Kelsey briefly states the purpose and goal of the work: “The chief purpose of this study is to investigate more closely the relationship between historical-critical interpretations, dogmatic interpretations, and faith interpretations of Jesus Christ.” 2 She stresses how these interpretations are not linear but are interactive. The result is a masterful study of all three interpretations of Christ in Schleiermacher—which occasions his work as a preacher, dogmatician, and biblical scholar—and the various ways in which these disciplines interact and correspond to each other.

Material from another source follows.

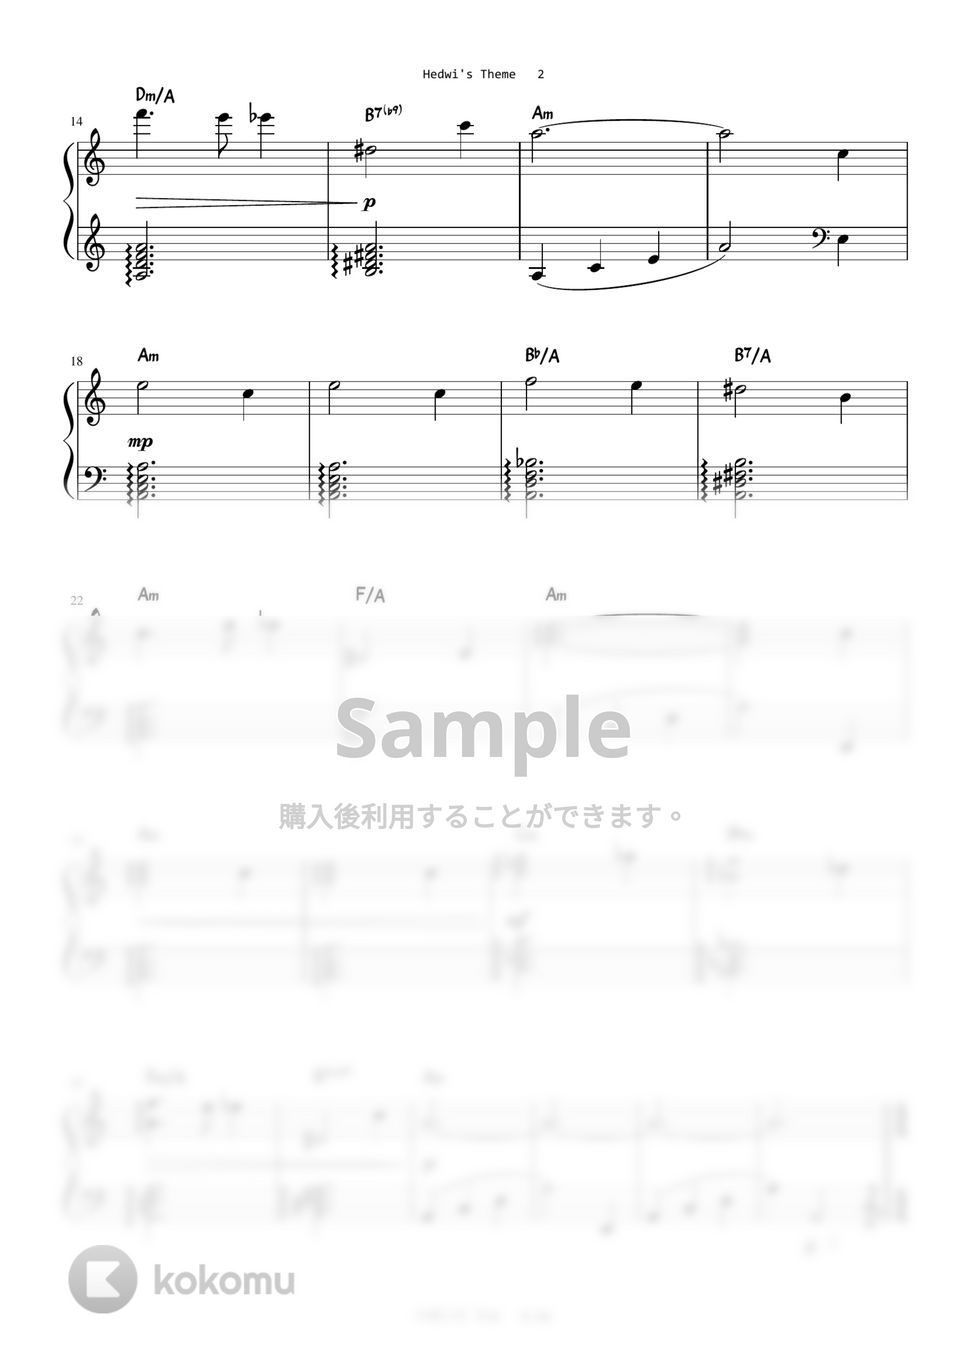 ハリーポッター - Hedwig's Theme (Level 2 - Easy Key) by A.Ha

One of the most fruitful discussions comes from chapter three, where Kelsey provides an introduction to three of the major presuppositions of Schleiermacher’s theology. These are the presuppositions she considers essential:

  1. “It is apparent to all who come into the sphere of Jesus’ influence that he is the Redeemer.” 3
  2. “Redemption is availible through the redeemer prior to his death and resurrection.” 4
  3. “Redemption is directly associated with incorporation into a community of Christians.” 5

These concisely present the core drives behind Schleiermacher’s theology, particularly his Christology. For example, presupposition number one explains why Schleiermacher placed significantly less of an emphasis on the death of Christ for redemption than he does on His life. Kelsey then makes a connection between Schleiermacher’s preaching, with these three presuppositions as its basis, and his dogmatics. This results in a careful reading of Christian Faith in the light of Schleiermacher’s preaching, in chapter four.

Finally, Kelsey examines Schleiermacher’s Biblical criticism, particularly his Life of Jesus lectures. One of the great values of this chapter, besides its nuanced reading of Schleiermacher’s lectures, is how well Kelsey defends Schleiermacher’s work against his critics. Because of the publication history of Schleiermacher’s Life of Jesus, it has become common to disregard his scholarship as inconsistent or non-historical. However, as Kelsey argues, a more careful reading reveals the benefits of Schleiermacher’s approach, even if modern historical research would invalidate some of his claims.

Overall, Kelsey offers a helpful interpretation of Schleiermacher’s multi-faceted theology through her study of these three aspects, and her work is notable for returning Schleiermacher’s preaching and Biblical criticism to a place of honor, alongside the (rightly deemed) significance of his dogmatics. The interaction of all three is important for reading Schleiermacher, as she masterfully argues in this text.

Conclusion: As a careful study into Schleiermacher’s work as a preacher, dogmatician, and Biblical critical, this study is of great value. However, it is also a great text for introducting some of the key presuppositions and drives behind his thought. Thus, it may be read as an introductory text, especially with how clear and articulate the style is.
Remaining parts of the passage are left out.